Given the lengths to which the CCP is going to eliminate all dissents, the fears of suppression are realistic. The alliance anticipates that "China will tighten controls over Hong Kong to prevent the Hong Kong democracy movement from influencing that of China .... We will face reality with a crisis mentality."

What was new about this gathering was that the alliance gave 10 pledges in answer to the question, once posed by Lenin: what is to be done?

The contrast with 1989 was thereby emphasized. The students in Tiananmen Square were loosely united, vague, and lacking in clear objectives. The declarations of the Hong Kong alliance are so specific as to indicate the 1989 mistake by those espousing democracy will not be repeated.

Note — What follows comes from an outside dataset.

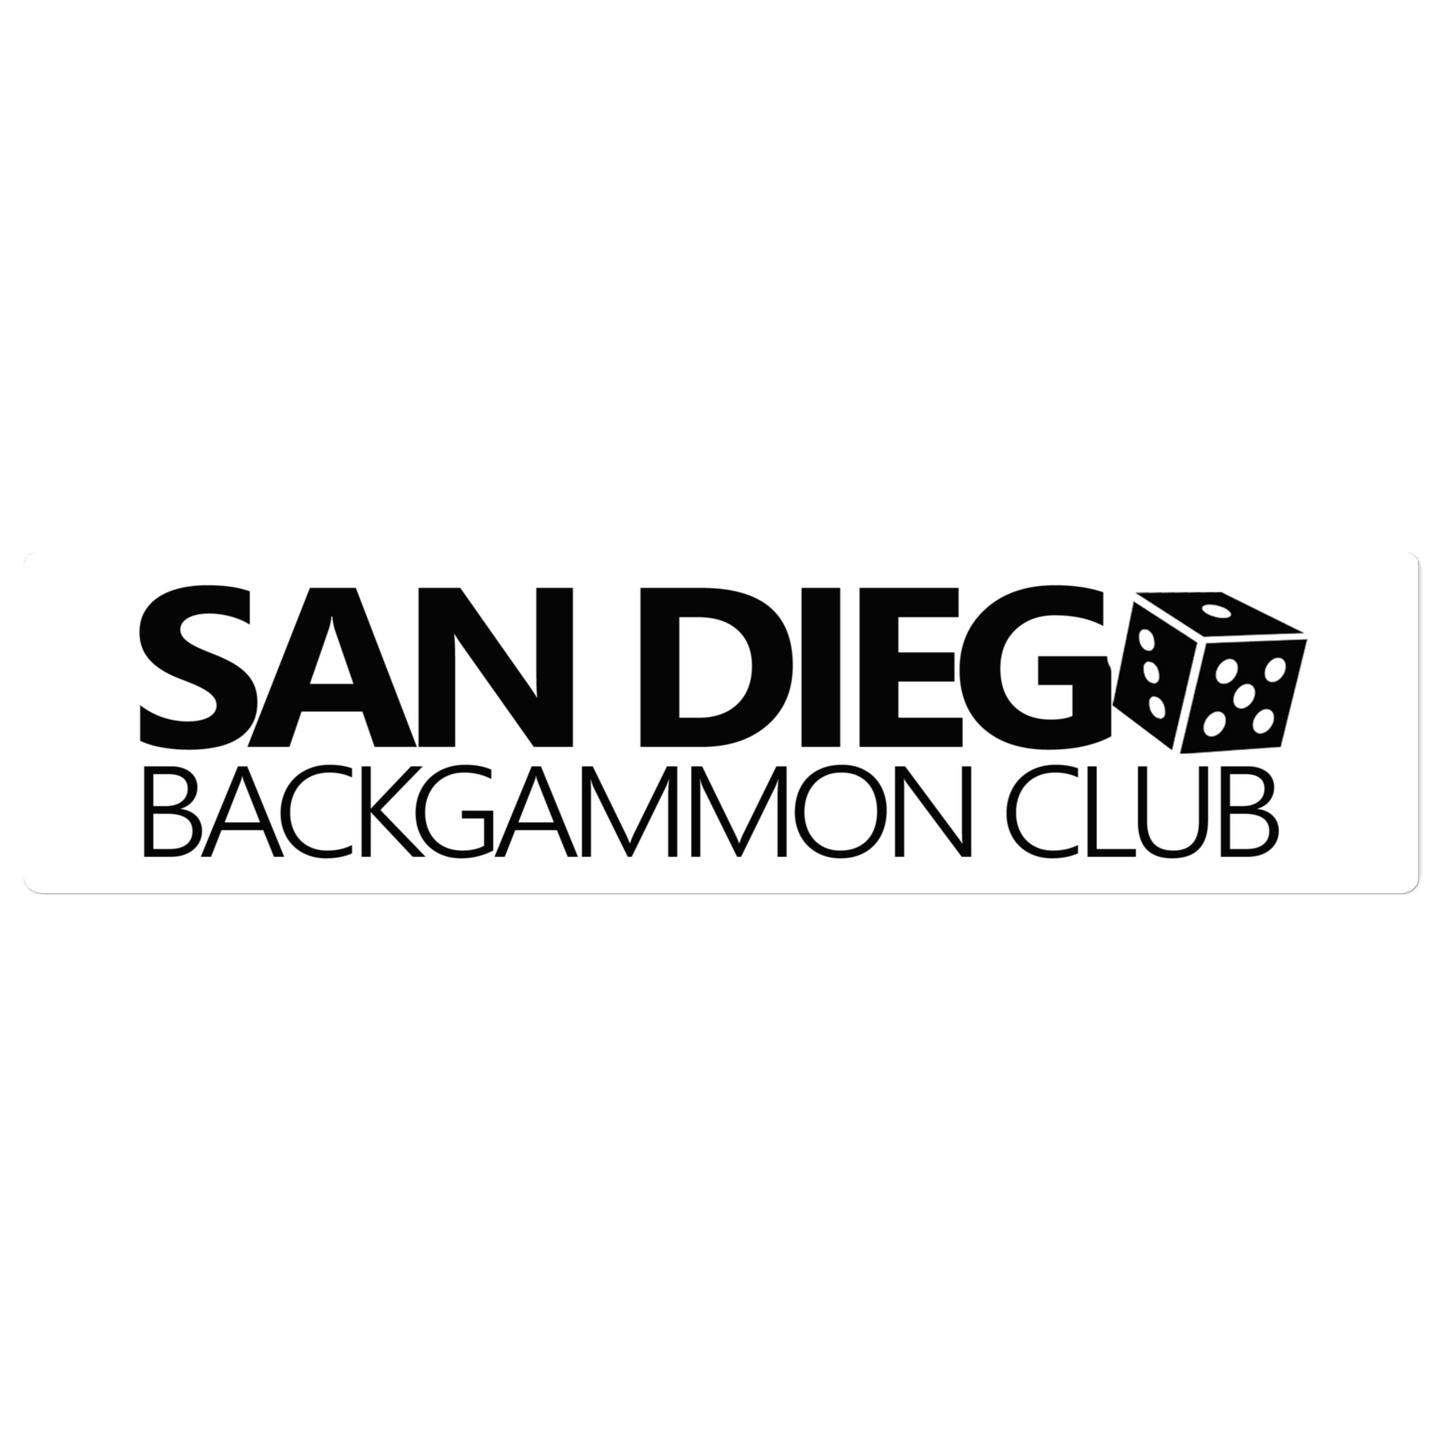 SAN DIEGO BACKGAMMON CLUB Bumper Sticker (Black/White)

Equally, the specific declaration by the alliance, that after Hong Kong's reversion it will be part of China's democratic movement, will probably encourage China to repeat its mistake: by trying to reduplicate in Hong Kong the uniformity it has "achieved" in China.

As I left Victoria Park, another lone woman gave me not flowers but a neatly printed Chinese poem. It ended by referring to the pledge China once made to let Hong Kong go on being itself:

"One Country, Two Systems' is supposed to be with us.

But the spirit of that promise has all but changed.

One question for you, sir.

How much sadness can you bear?

Sadness keeps draining into the ocean.

In the same way as people emigrate from Hong Kong."

For now, at least, this woman was still free to share her poem and her thoughts with the outside world, without any fear of arrest.